* [Task requirements] Skip the images and copy each record exactly as written.
─── Source records
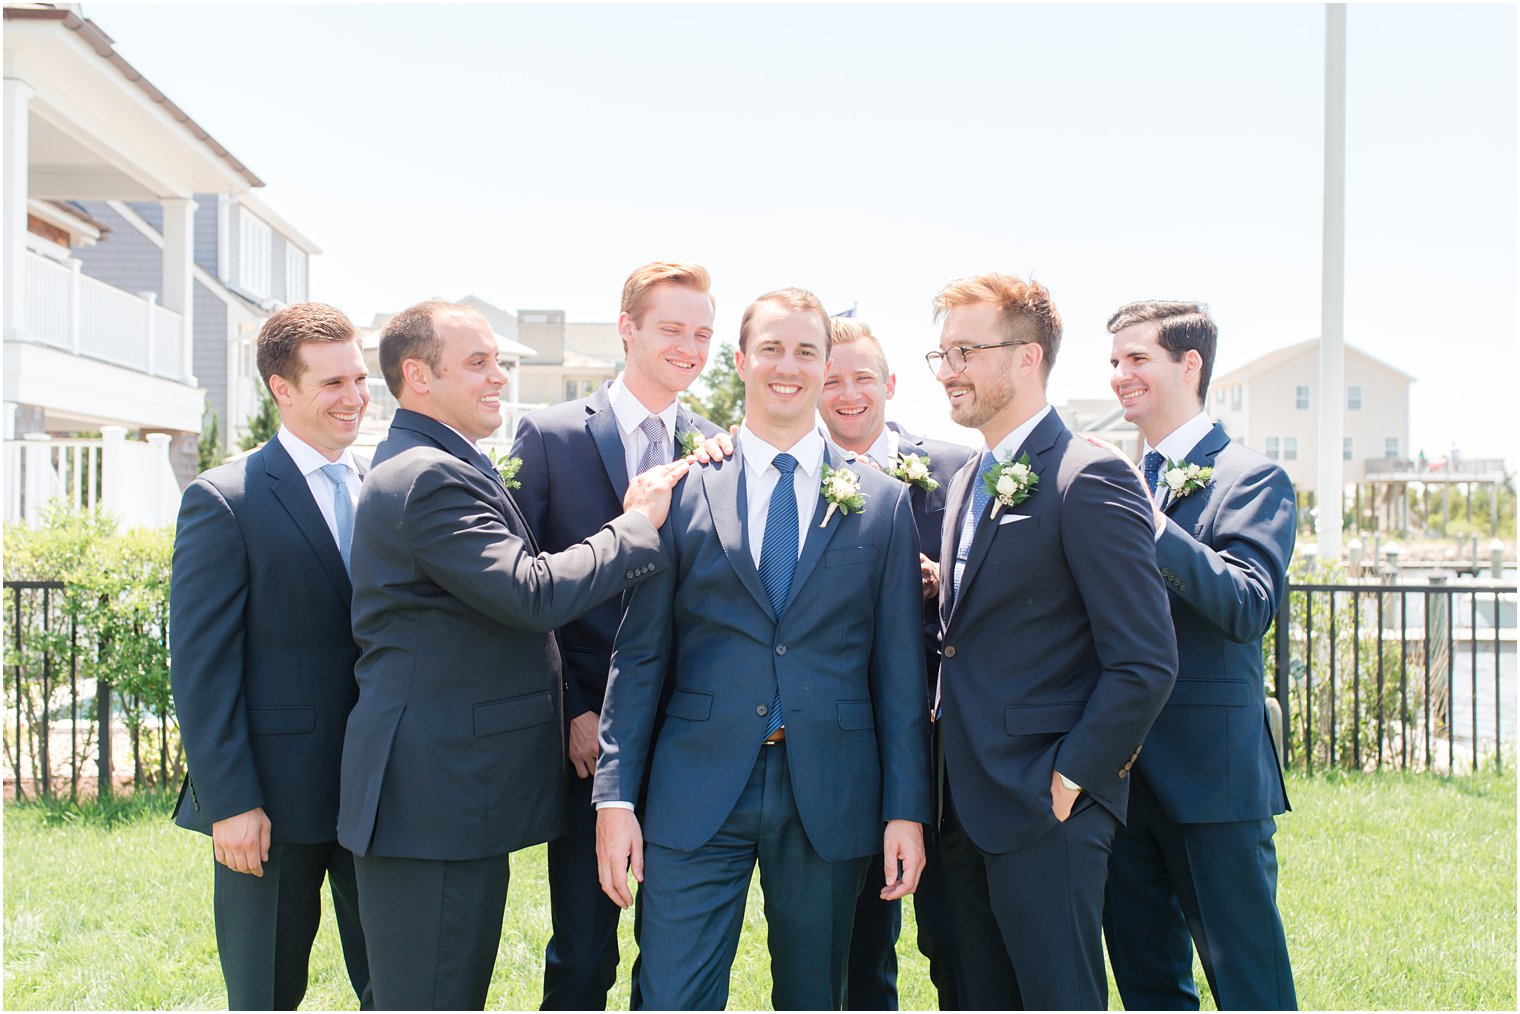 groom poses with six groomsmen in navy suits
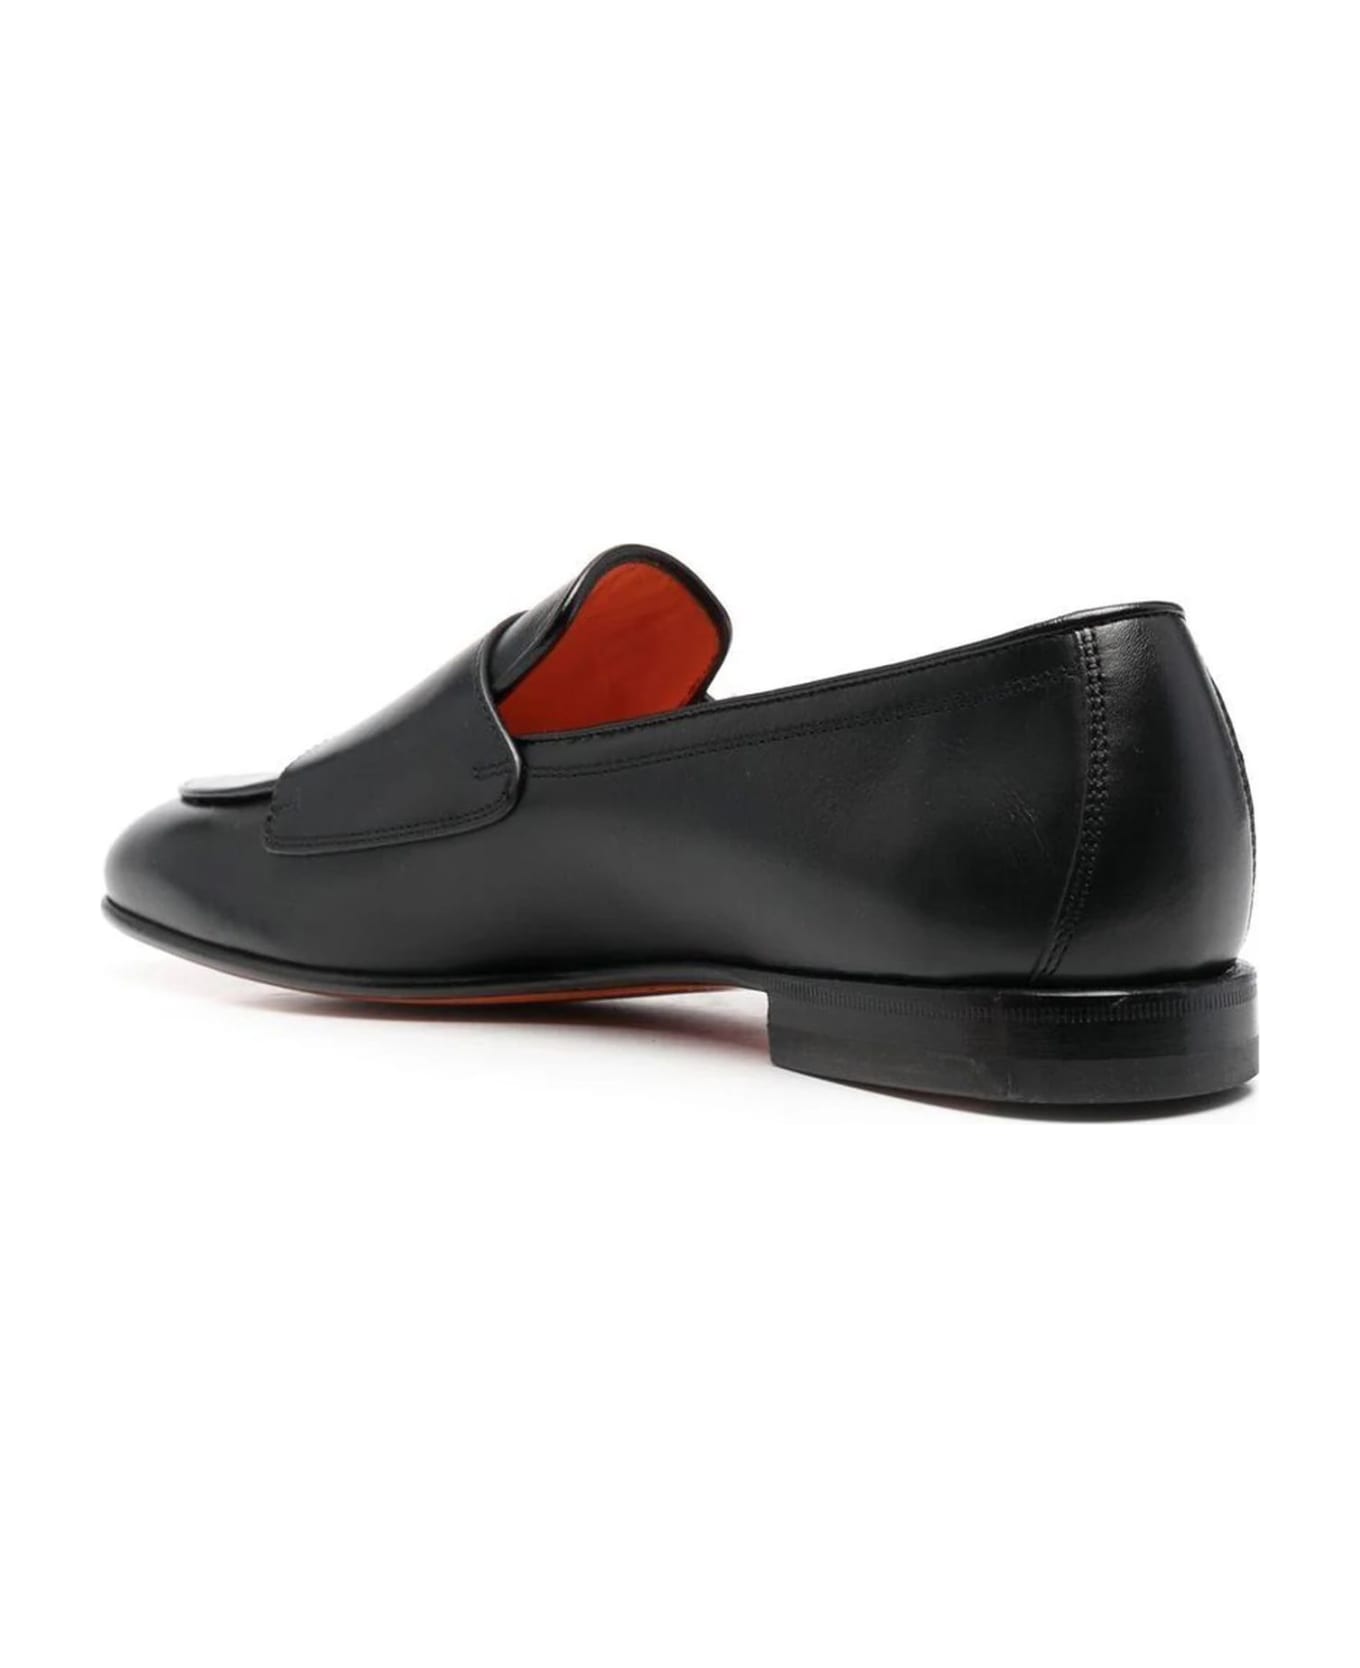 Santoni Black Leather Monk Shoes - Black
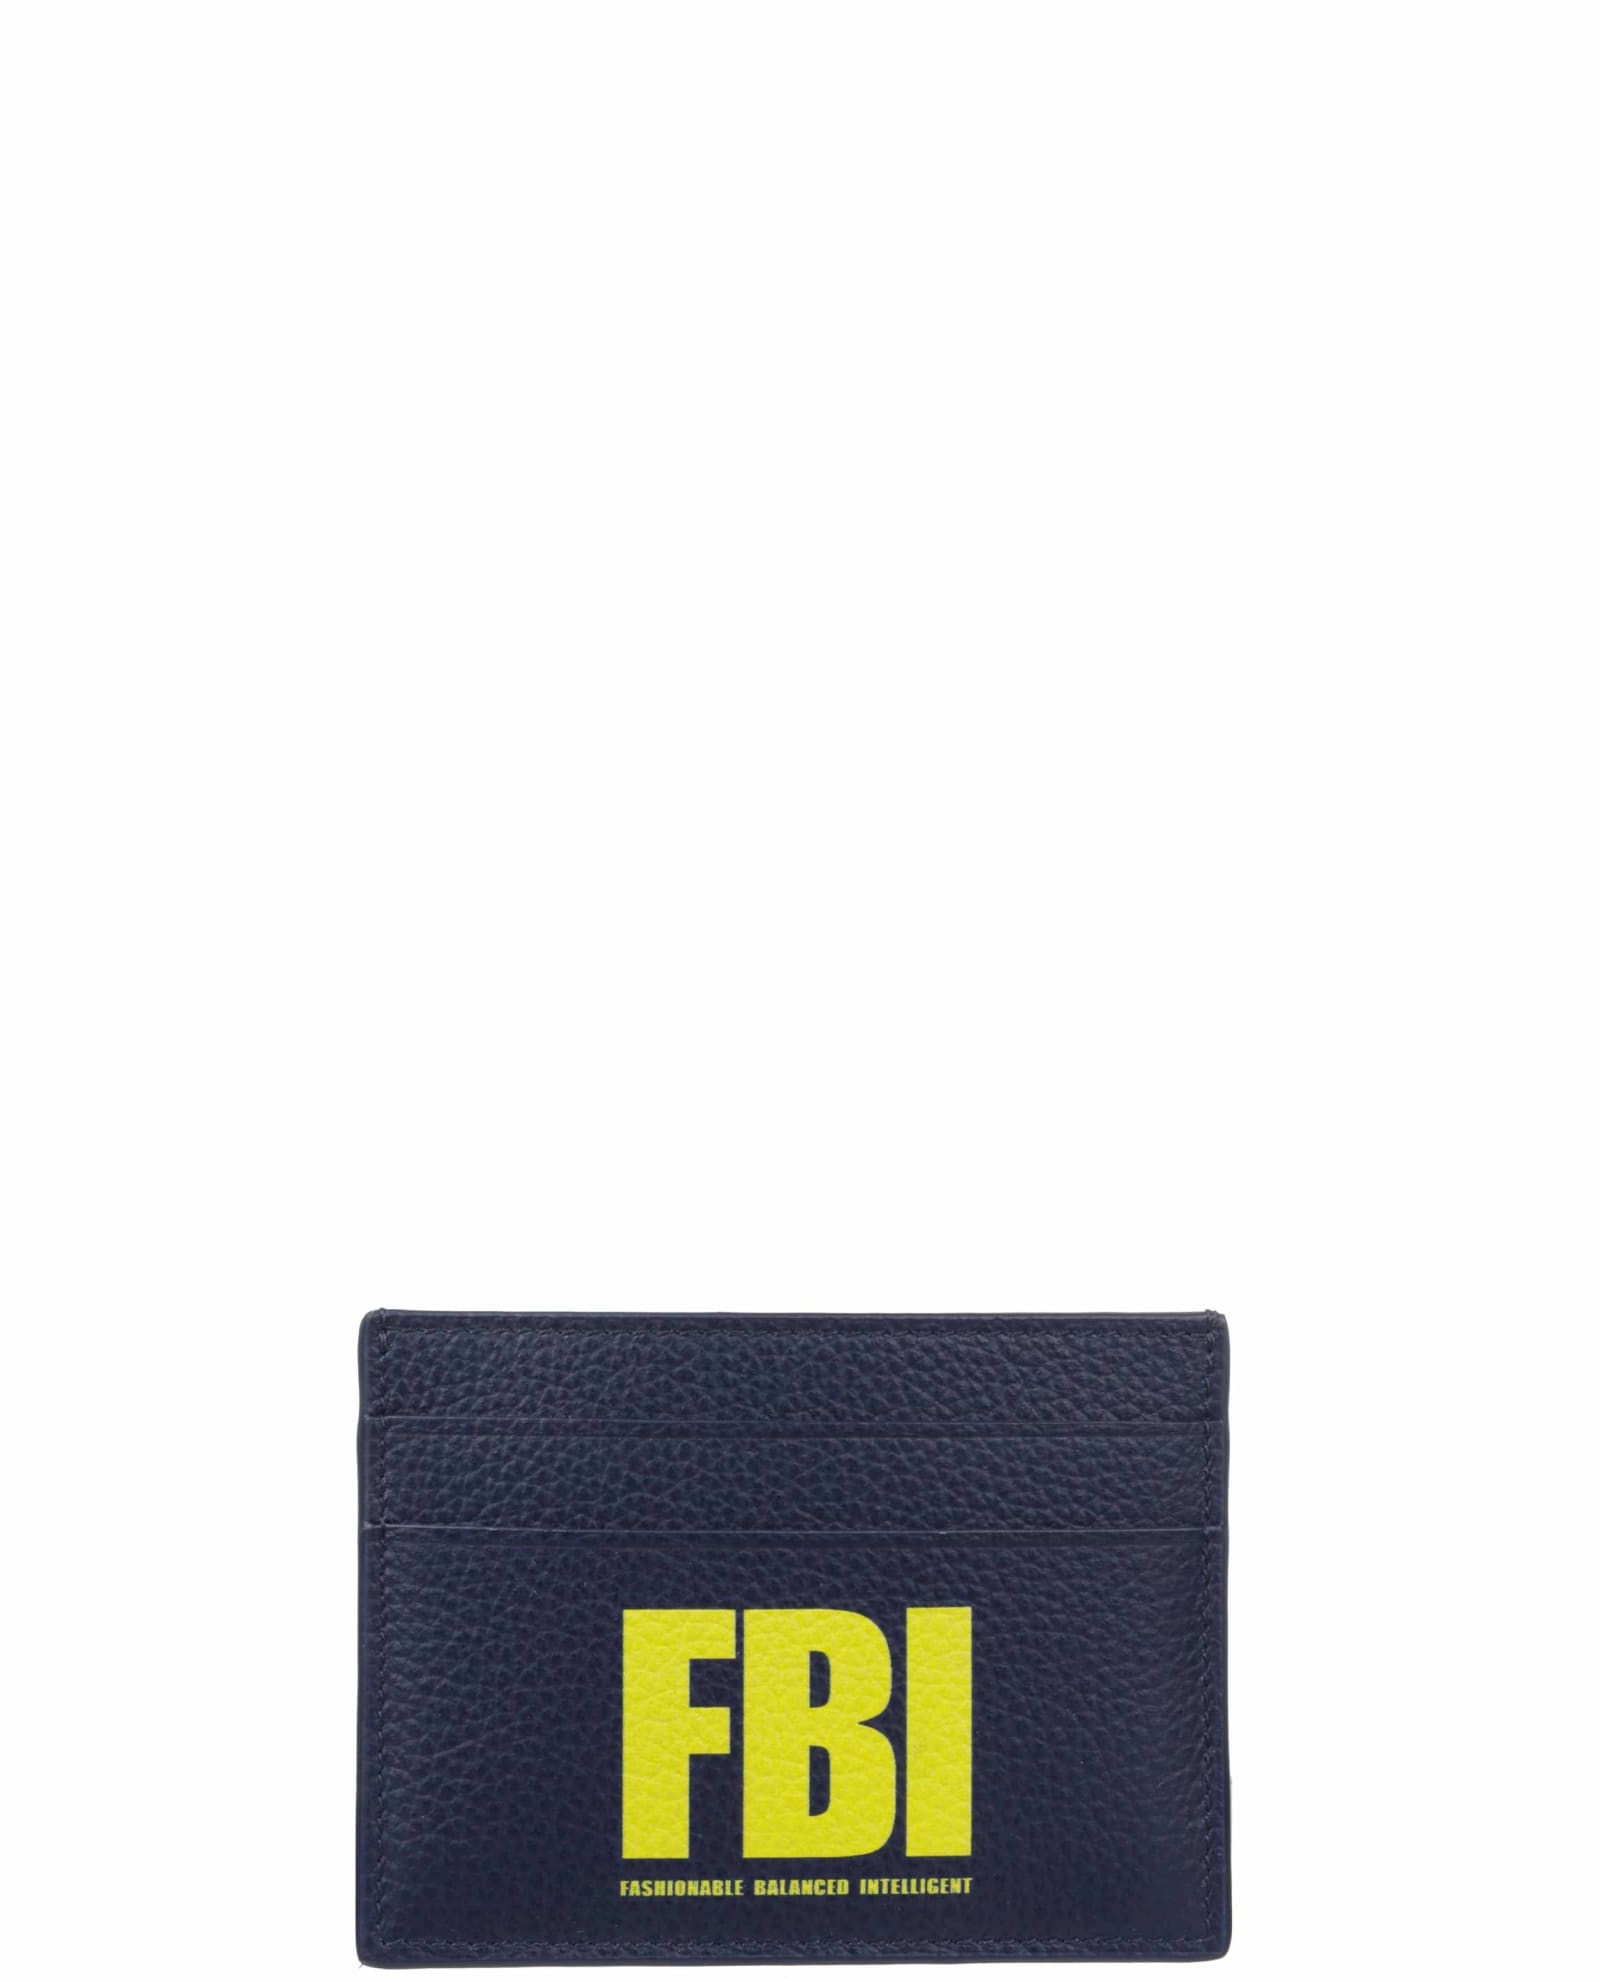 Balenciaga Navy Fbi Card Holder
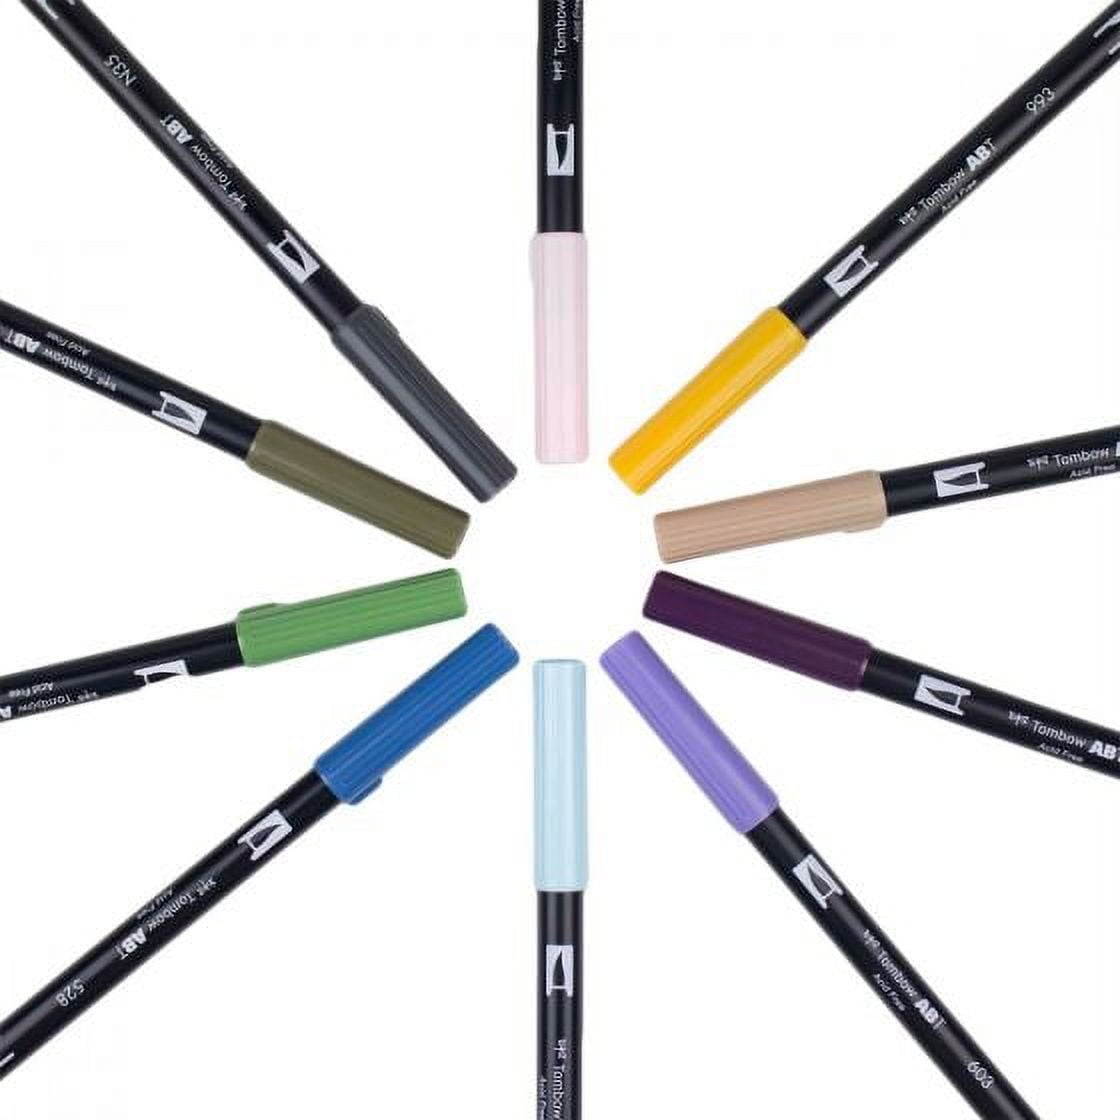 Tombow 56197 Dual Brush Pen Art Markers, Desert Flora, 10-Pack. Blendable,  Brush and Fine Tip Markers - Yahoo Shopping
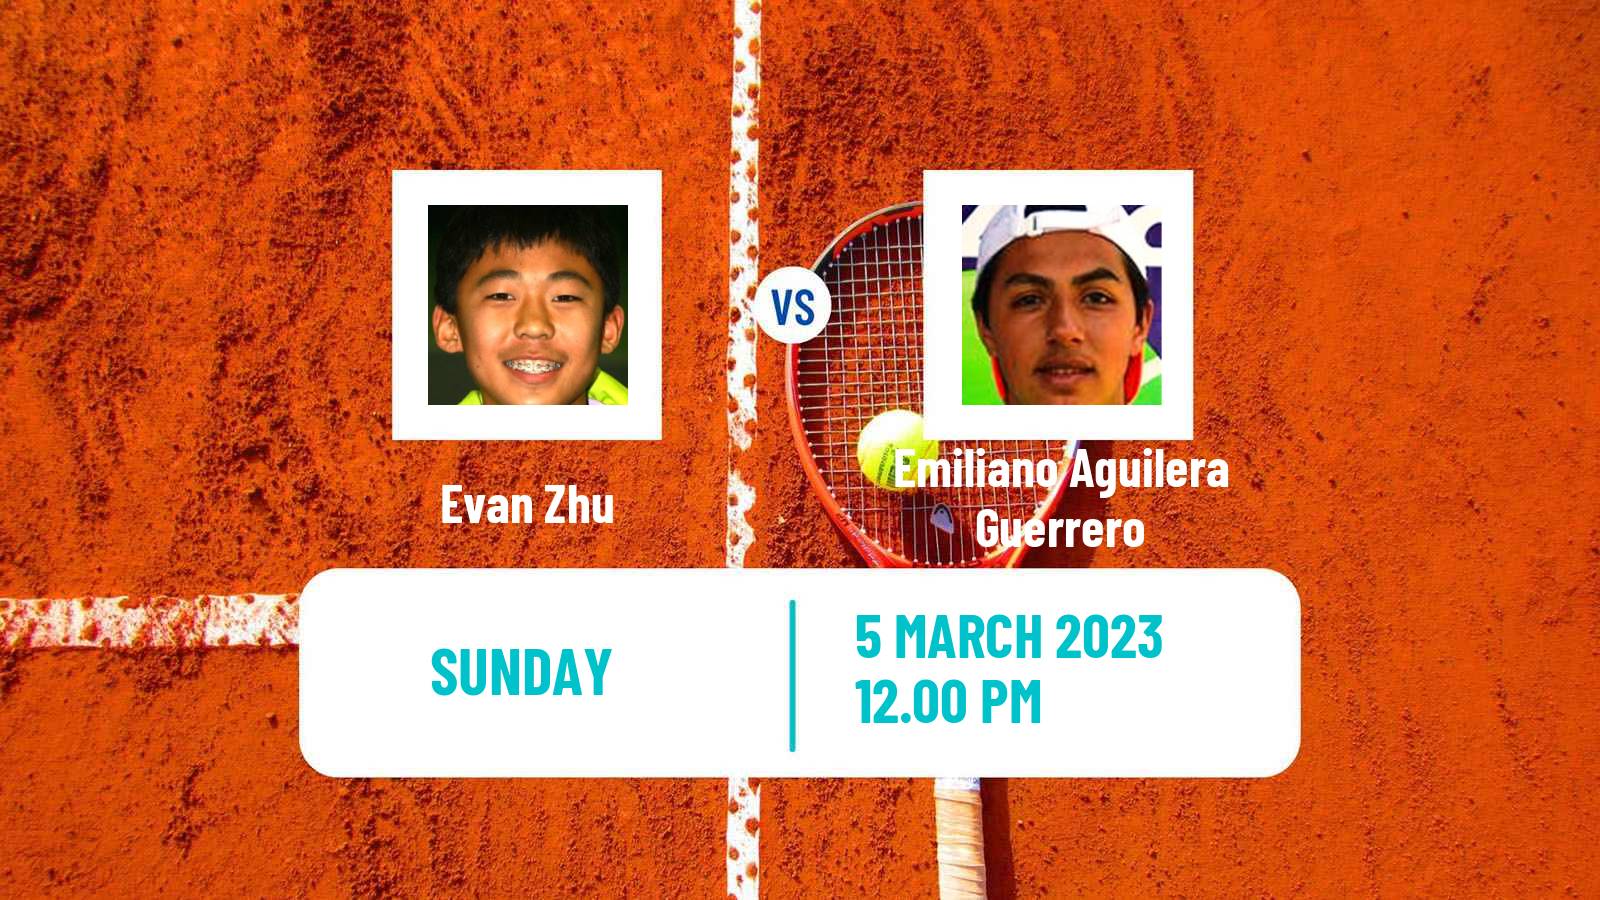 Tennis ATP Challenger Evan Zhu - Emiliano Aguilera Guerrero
──────
* [Solved problem]
 groom poses with six groomsmen in navy suits
 Santoni Black Leather Monk Shoes - Black
 Balenciaga Navy Fbi Card Holder
 Tombow 56197 Dual Brush Pen Art Markers, Desert Flora, 10-Pack. Blendable,  Brush and Fine Tip Markers - Yahoo Shopping
 Tennis ATP Challenger Evan Zhu - Emiliano Aguilera Guerrero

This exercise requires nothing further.